In 1757, he was elected in the parliamentary elections of Aylesbury and in 1961 he was re-elected. He became a member of the Hellfire Club, a gathering place for men and women from the high societies.
Wilkes was a supporter of the ‘Seven Years War’ in which Britain was involved and was incensed by the fact that the new PM of Britain, John Stuart, 3rd Earl of Bute, made peace talks with France. To fight against this, in 1762, he launched a weekly publication, ‘The North Briton’ which condemned the Prime Minister.
In 1963, he was accused of seditious libel as he disparaged the speech given by King George III on Paris Peace Treaty and was imprisoned on April 30. However, he was released as per the rule that as a Member of the Parliament one could not be arrested on the charges of libel.
Nevertheless, he did not retreat from his aggressive and destructive radicalism. He composed an obscene poem with Thomas Potter, a politician for which he was once again charged with seditious libel and was declared an outlaw on 19 January 1764.
After being released he participated in the parliamentary elections and was elected to the Parliament of Middlesex. Once again, due his notoriety he was imprisoned on 10 May 1768 and in 1769, he was banished from the Parliament.
He stood for re-elections time and again, but every time the Parliament ruled him out on the grounds that he was an outlaw and therefore should not be elected.
In April 1770, he was released from jail but was still prohibited to enter the House of the Commons. He was appointed as High Sheriff of Buckinghamshire and subsequently, joined a campaign for the freedom of press. In 1771, when the Parliament posed several restrictions on many London newspapers, he decided to act against it.
In 1774, he was elected as the Lord Mayor of London and while in power, he promoted religious tolerance in England and also asserted that the working class should take part in law-making.

However, towards the 1780, his popularity began to wane and in 1784 he returned to Middlesex country to take part in the elections there.
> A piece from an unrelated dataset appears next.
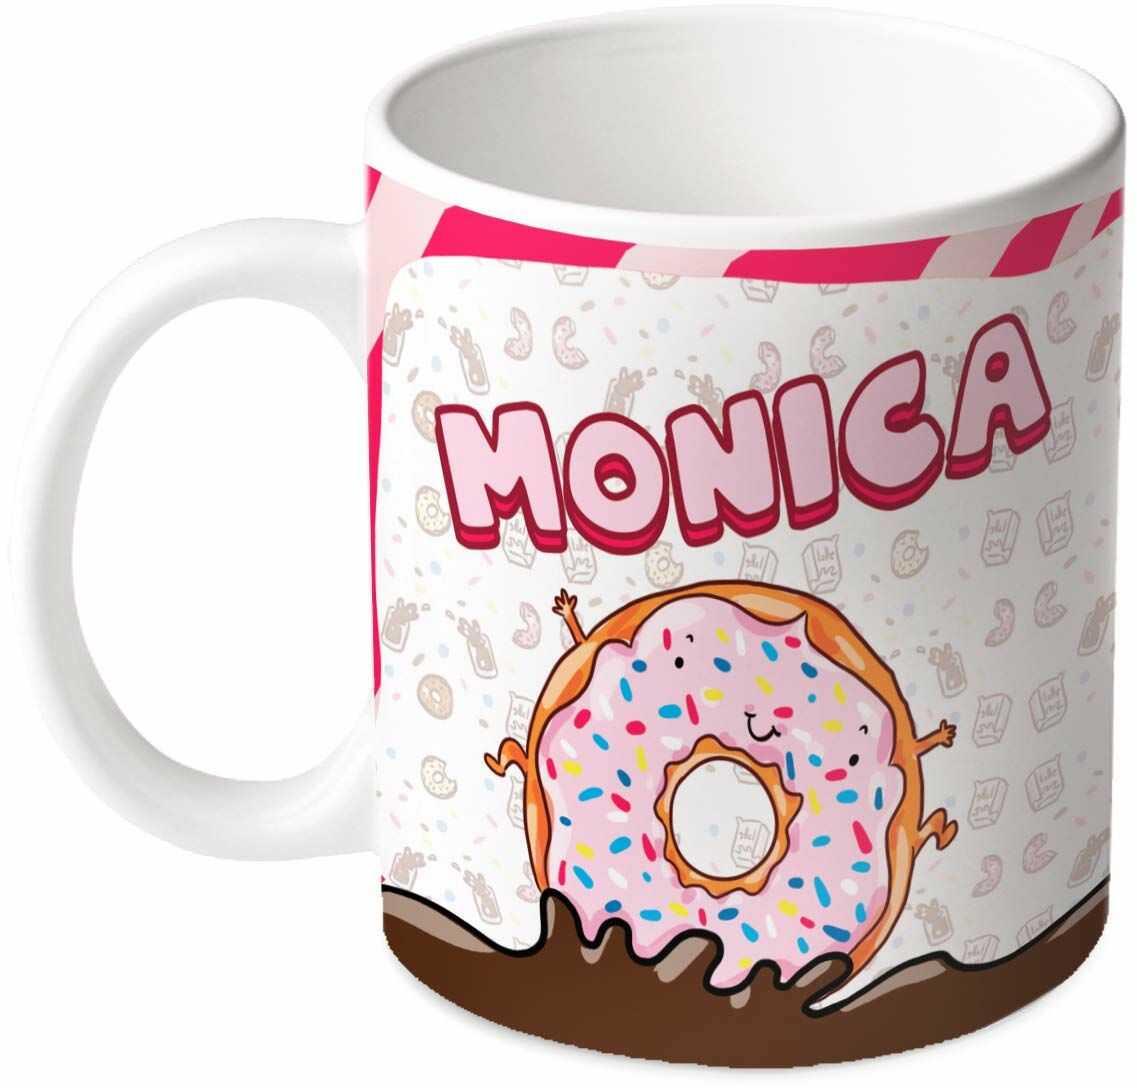 M.M. Group Filiżanka z imieniem i znaczeniem Monica, 30 ml, ceramika, wielokolorowa

Even there, he received very little support and therefore was forced withdraw his candidature.
He worked as a magistrate (officer holding both judicial and executive powers) in his homeland during his last years.
Major Works
When in the Parliament, he introduced the first ‘Bill’ for reforms in 1776, which was first of its kind in Great Britain.
Awards & Achievements
In 1749, he was elected as a fellow to the Royal Society of London for Improving Natural Knowledge.
Personal Life & Legacy
Wilkes married Mary Meade in 1747 and who gave birth to their only child, Mary. The couple separated in 1756 and he never married again. He died at the age of 72.
There are number of roads and places named after this radical activist. There is a Wilkes University, founded in 1933, in Pennsylvania in the city of Wilkes-Barre, both of which are named after him.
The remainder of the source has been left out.